ASSIGNMENT
Write the full listing out again, word for word, but omit the pictures.

COLLECTED MATERIAL

Start of Block

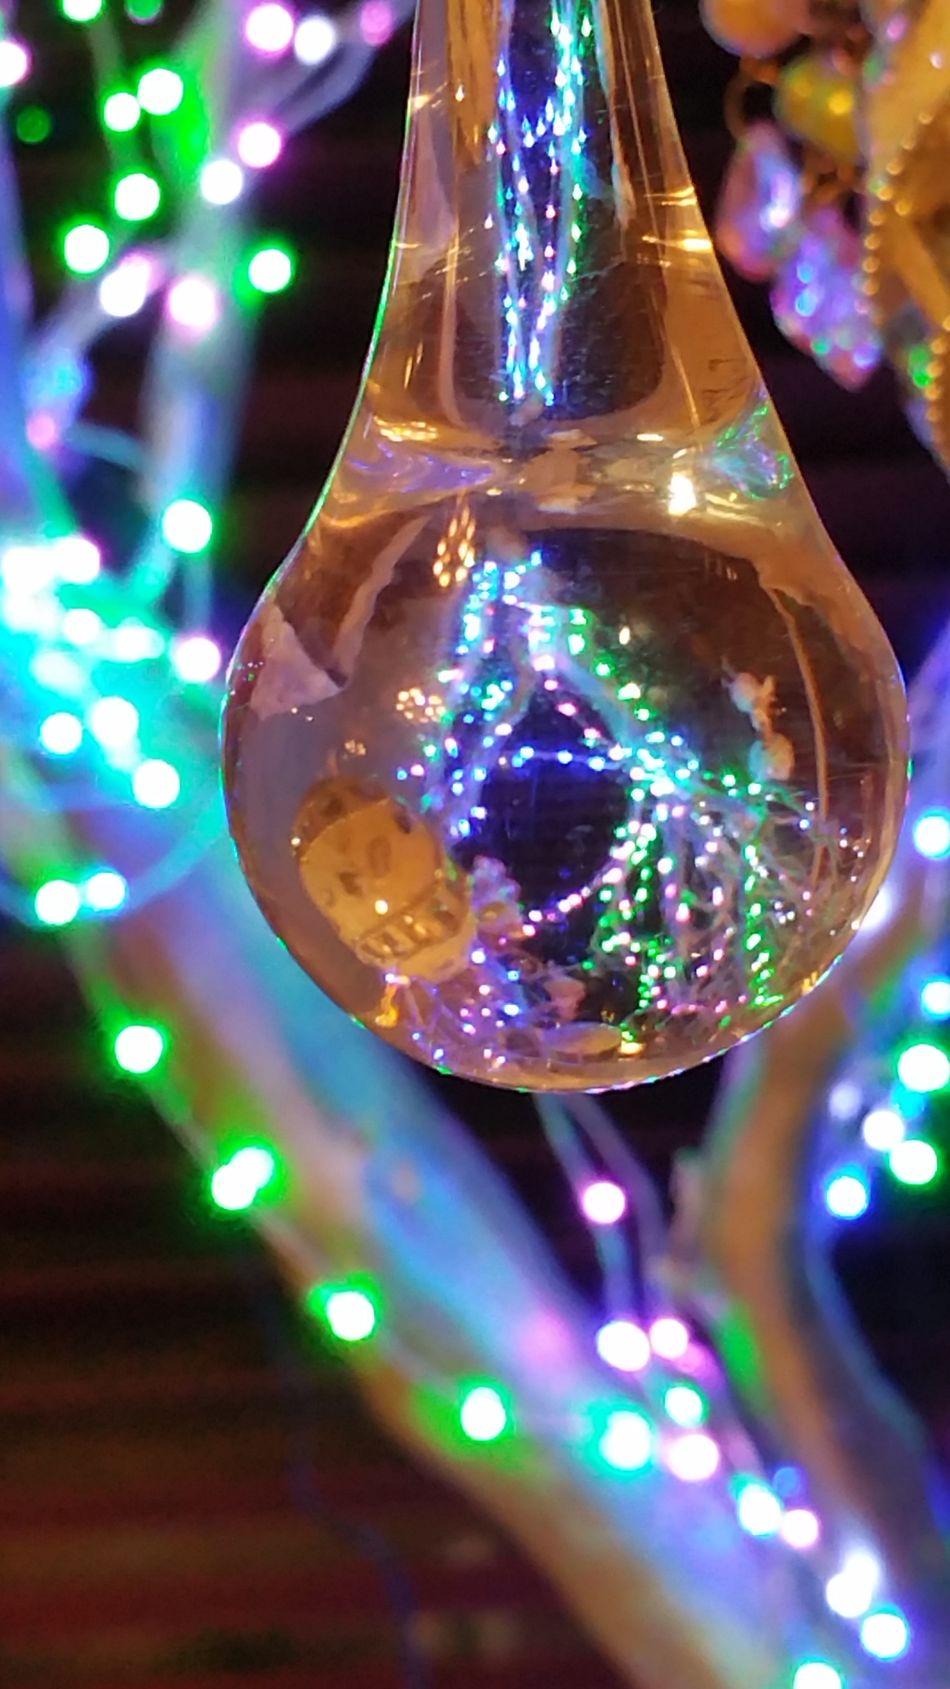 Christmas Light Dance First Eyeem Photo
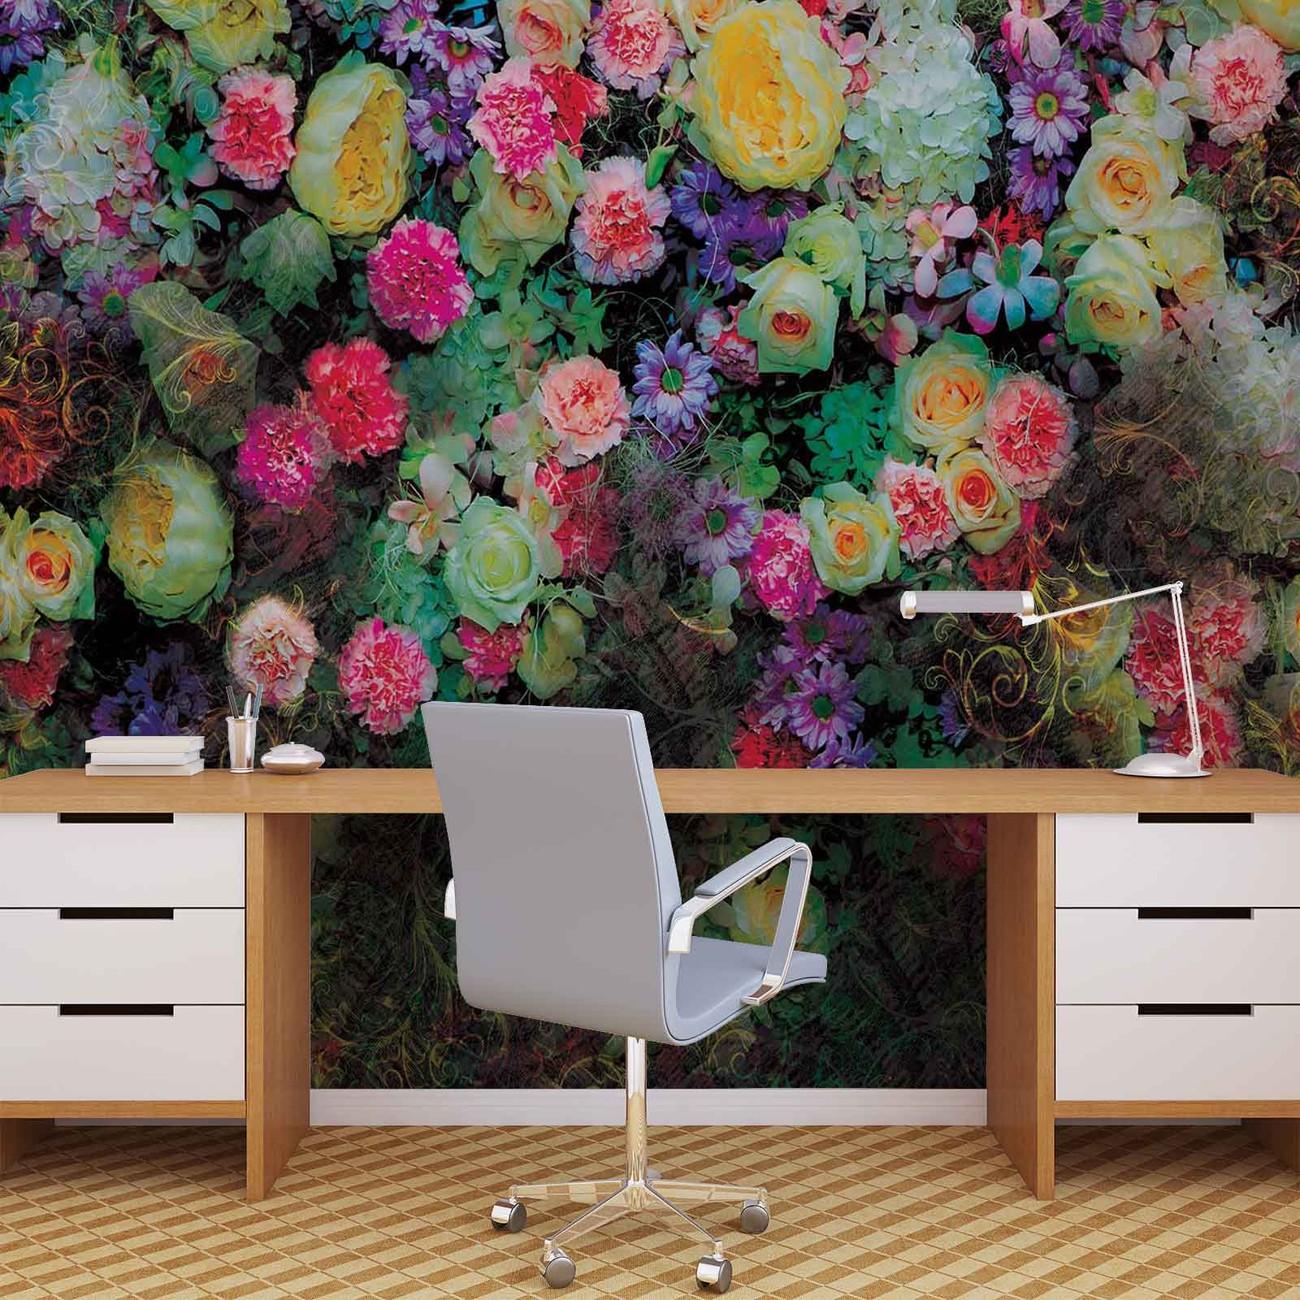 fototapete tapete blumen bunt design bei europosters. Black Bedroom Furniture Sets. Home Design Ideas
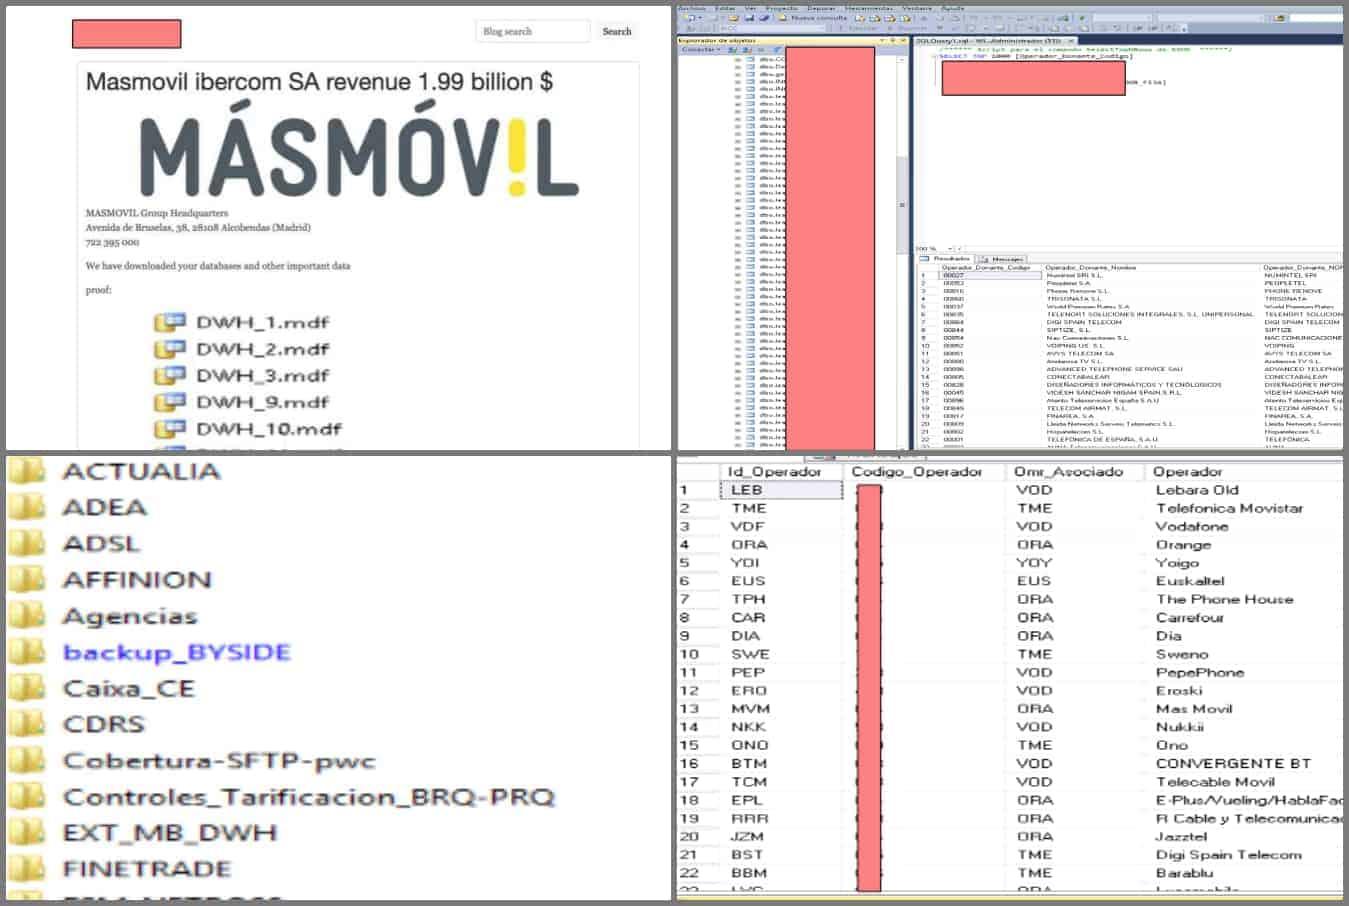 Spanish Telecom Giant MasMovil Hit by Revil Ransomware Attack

End of Block

RESPONSE
 Christmas Light Dance First Eyeem Photo
 fototapete tapete blumen bunt design bei europosters. Black Bedroom Furniture Sets. Home Design Ideas
 Spanish Telecom Giant MasMovil Hit by Revil Ransomware Attack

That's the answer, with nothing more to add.